Que désire toute femme célibataire dans la mi-trentaine ? Si vous vous empressez de répondre naïvement « du sexe, et rien d’autre », vous n’avez rien compris même si vous avez en partie raison. Généralisons un peu... Une femme célibataire de 35 ans voudra à tout prix se marier, fonder une famille avec un homme sensuel, responsable et autonome, avec qui elle pourra avoir 2,3 enfants (en moyenne). C’est une question de temps : le compte à rebours hormonal remplace toute volonté et toute pensée logique...

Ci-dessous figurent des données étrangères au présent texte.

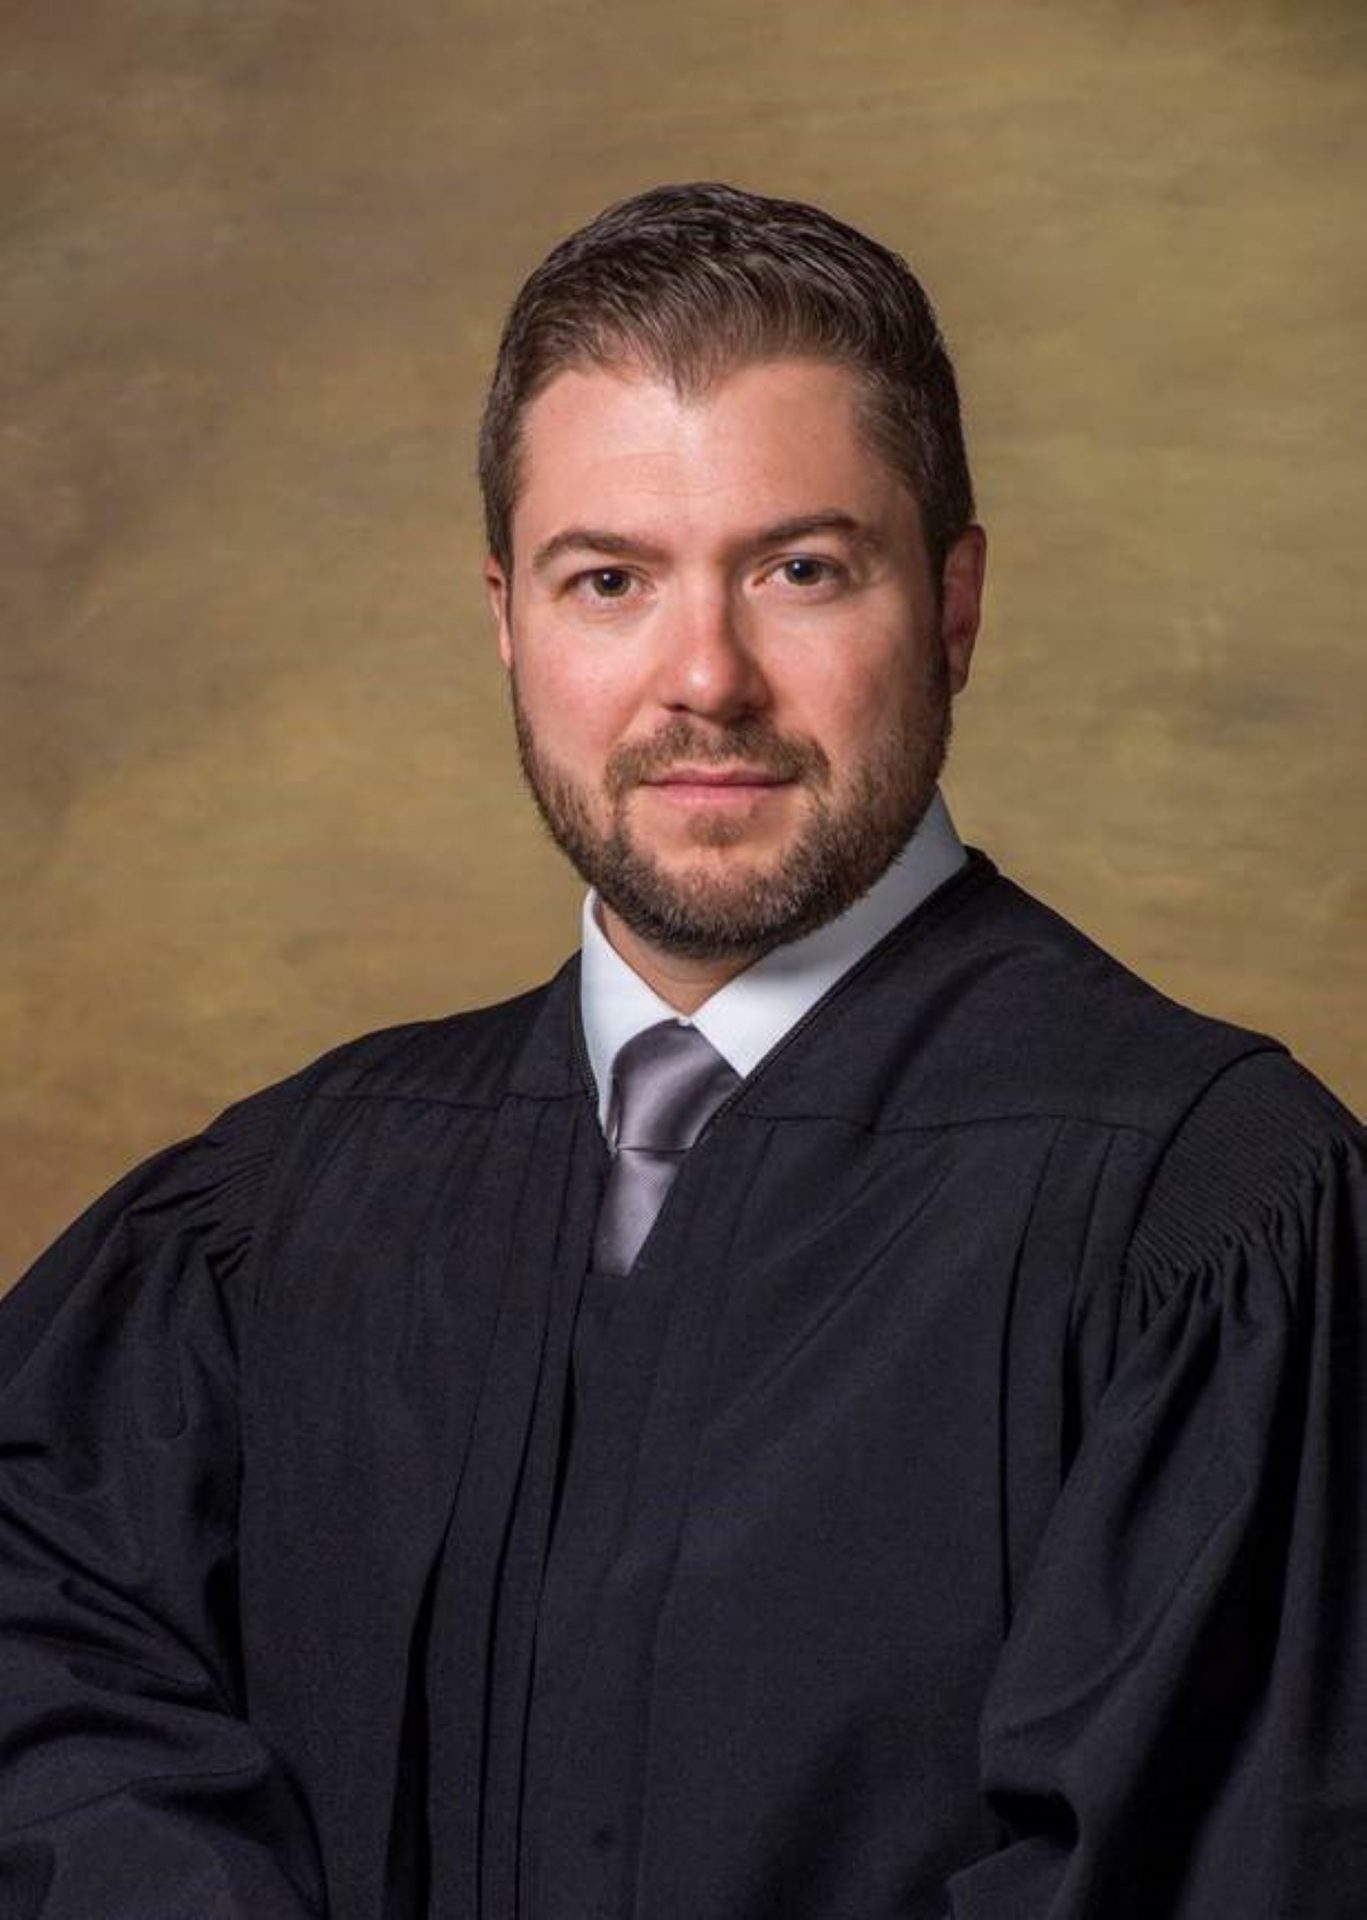 Pittsburgh-based U.S. District Judge William S. Stickman IV found Wolf’s stay-at-home and business closure orders, along with restrictions limiting indoor and outdoor gatherings, to be unconstitutional.
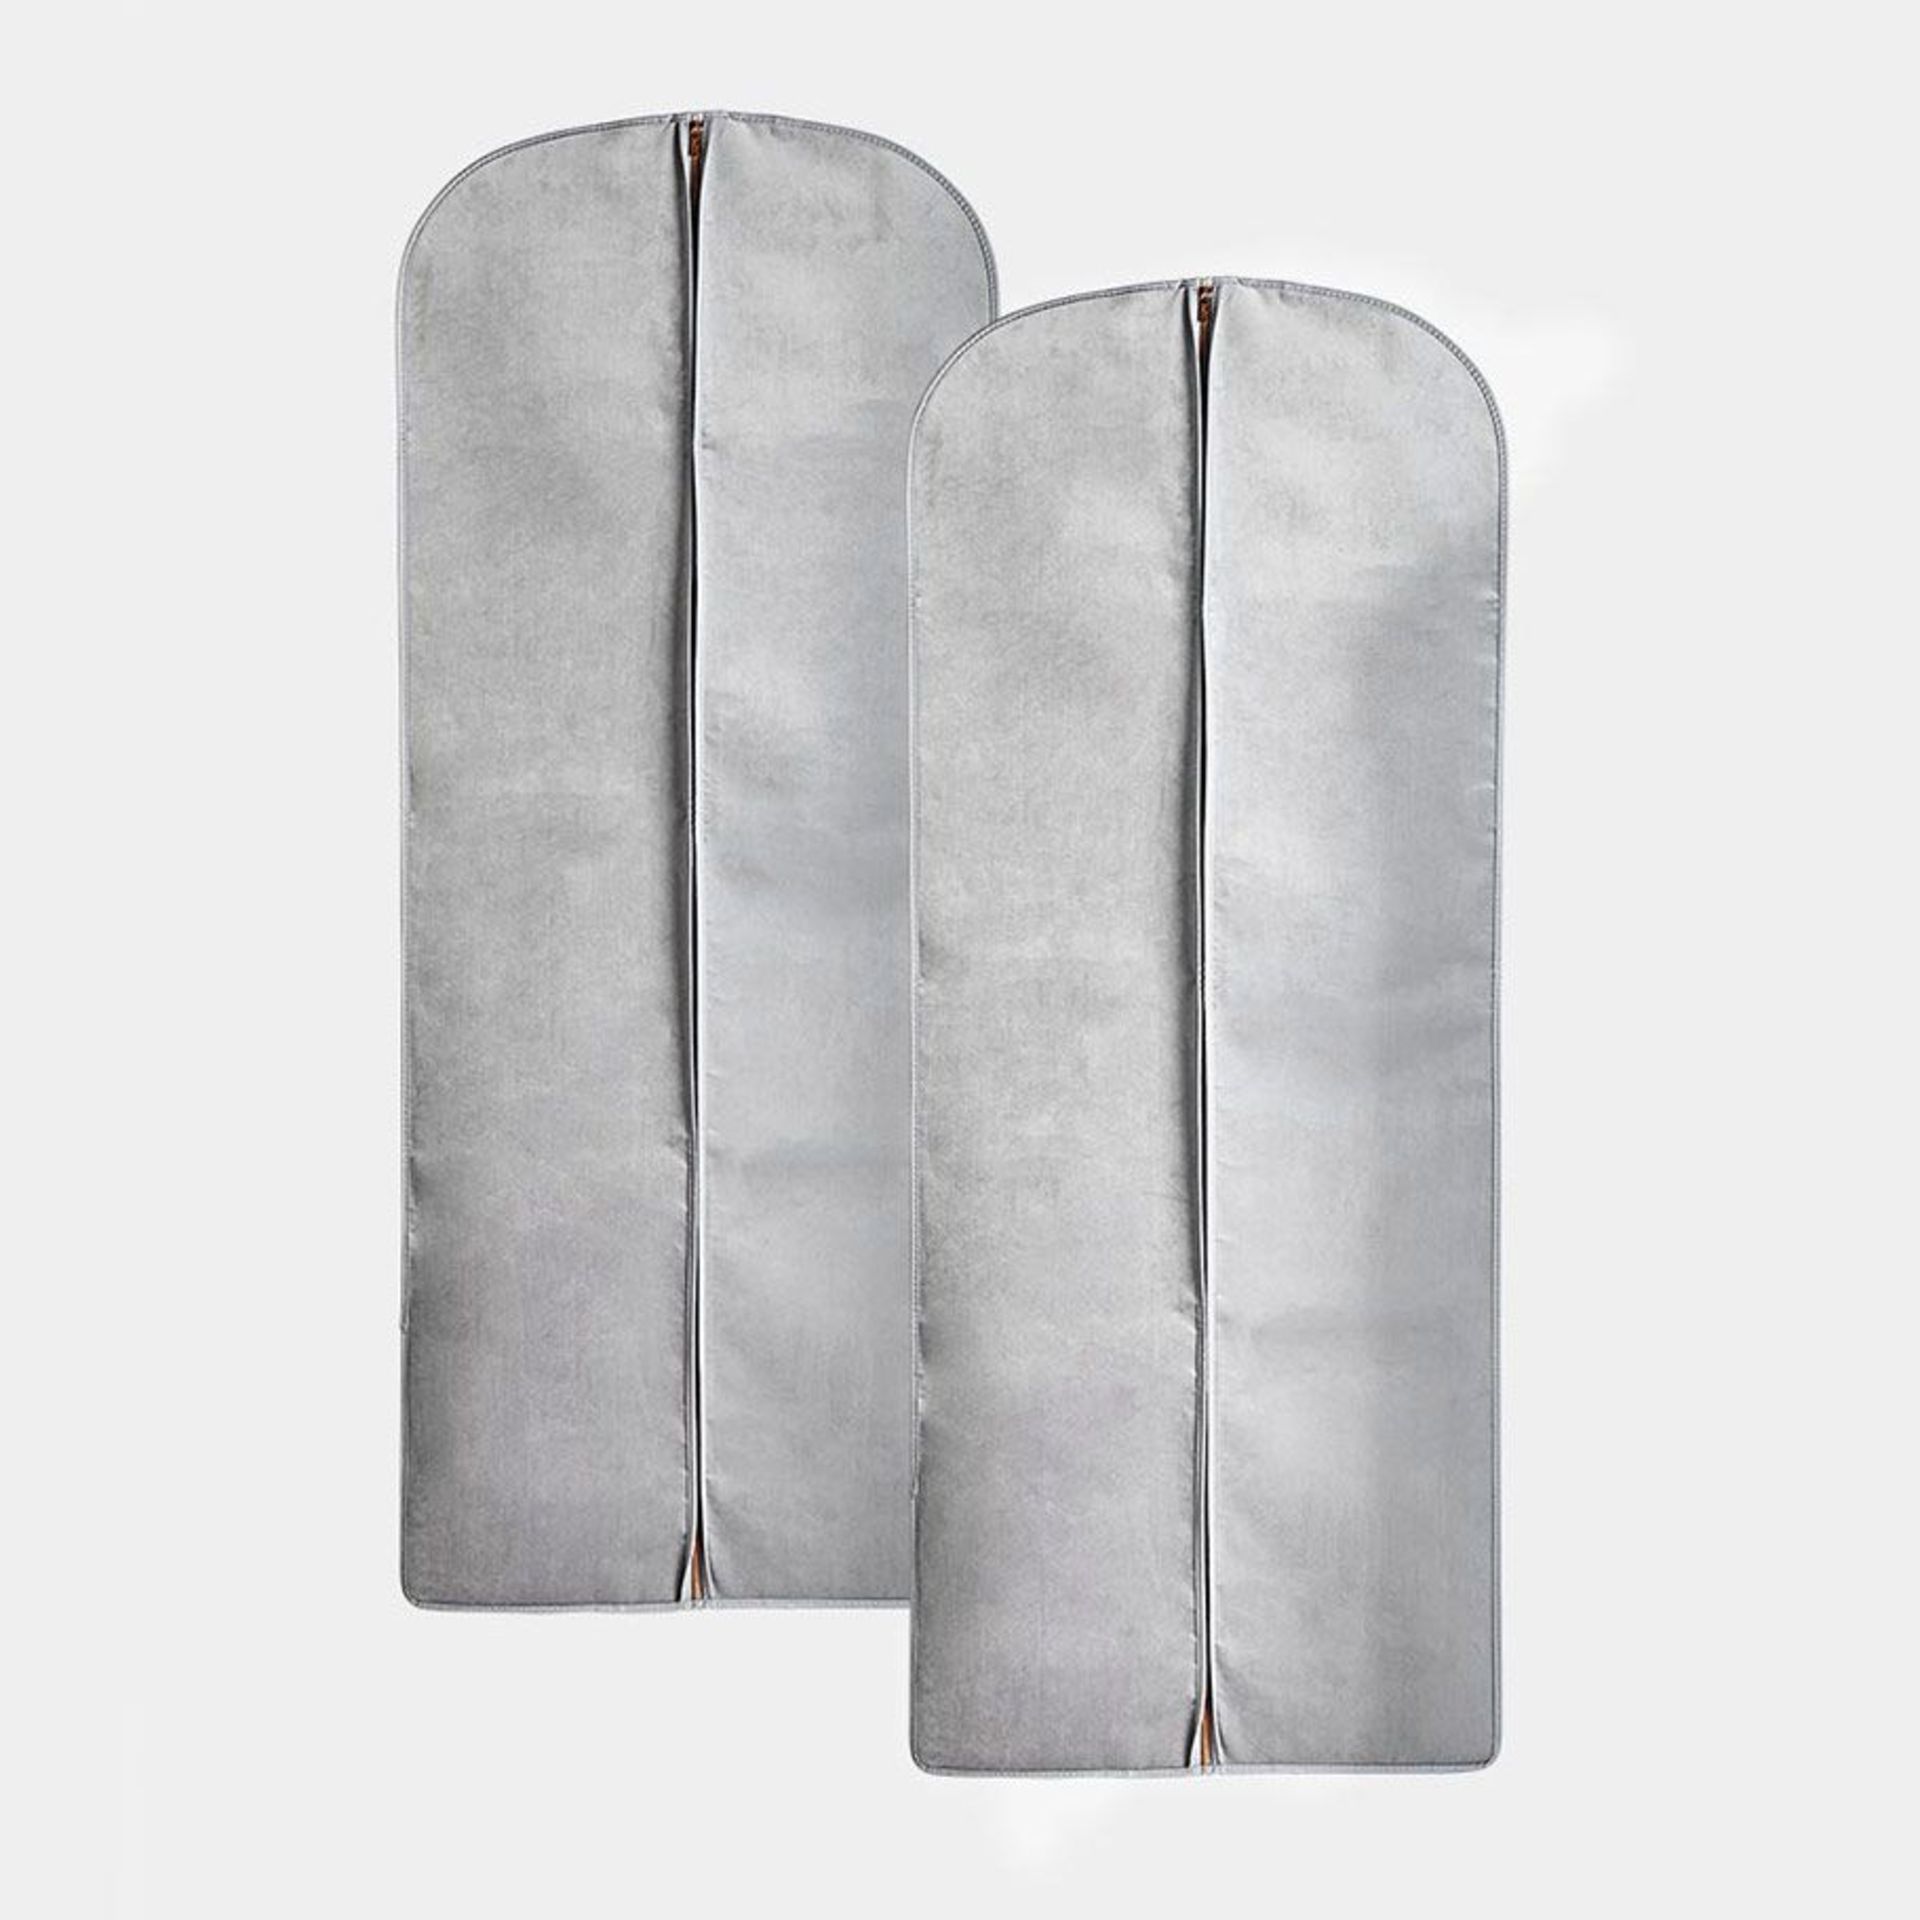 10 x New & Packaged Sets of Beautify Grey & Rose Gold Garment Bags. RRP £29.99 per set. (9200050). - Image 4 of 4

- Dóra (Judith Schell) et Zsófi (Kata Dobó)
À la manière de 40 ans et encore puceau, Sexe et rien d’autre est une comédie hilarante pour ses dialogues savoureux et irrévérencieux, ses situations rocambolesques et surtout, je dis bien surtout, grâce au jeu des acteurs. Vous ne les connaissez sûrement pas, je les ai moi-même découverts dans ce film et j’espère avoir l’opportunité de les revoir sur grand écran. Ils sont beaux, ils sont talentueux, on les adore du début à la fin. La relation tumultueuse qui sépare (et rapproche à la fois) Tamás (Sándor Csányi) et Dóra (Judith Schell) est délicieuse, tout simplement.

- Tamás (Sándor Csányi)
Désabusée suite à une série de mésaventures amoureuses, Dóra se rend à l’évidence que les hommes sont tous soit machos/gigolos/courailleux, soit niais/couillons/moustachus. Son désir d’enfanter reste donc inassouvi et, dans la panique, elle décide de s’en remettre à une agence de rencontre en intitulant sa fiche « Sexe et rien d’autre »... Gaffe monumentale, évidemment, mais quand on est jeune et jolie, les courtisans ne se font pas prier ! L’homme de ses rêves n’est pas forcément celui qu’on pourrait croire, à moins que l’évidence ne nous saute en plein visage.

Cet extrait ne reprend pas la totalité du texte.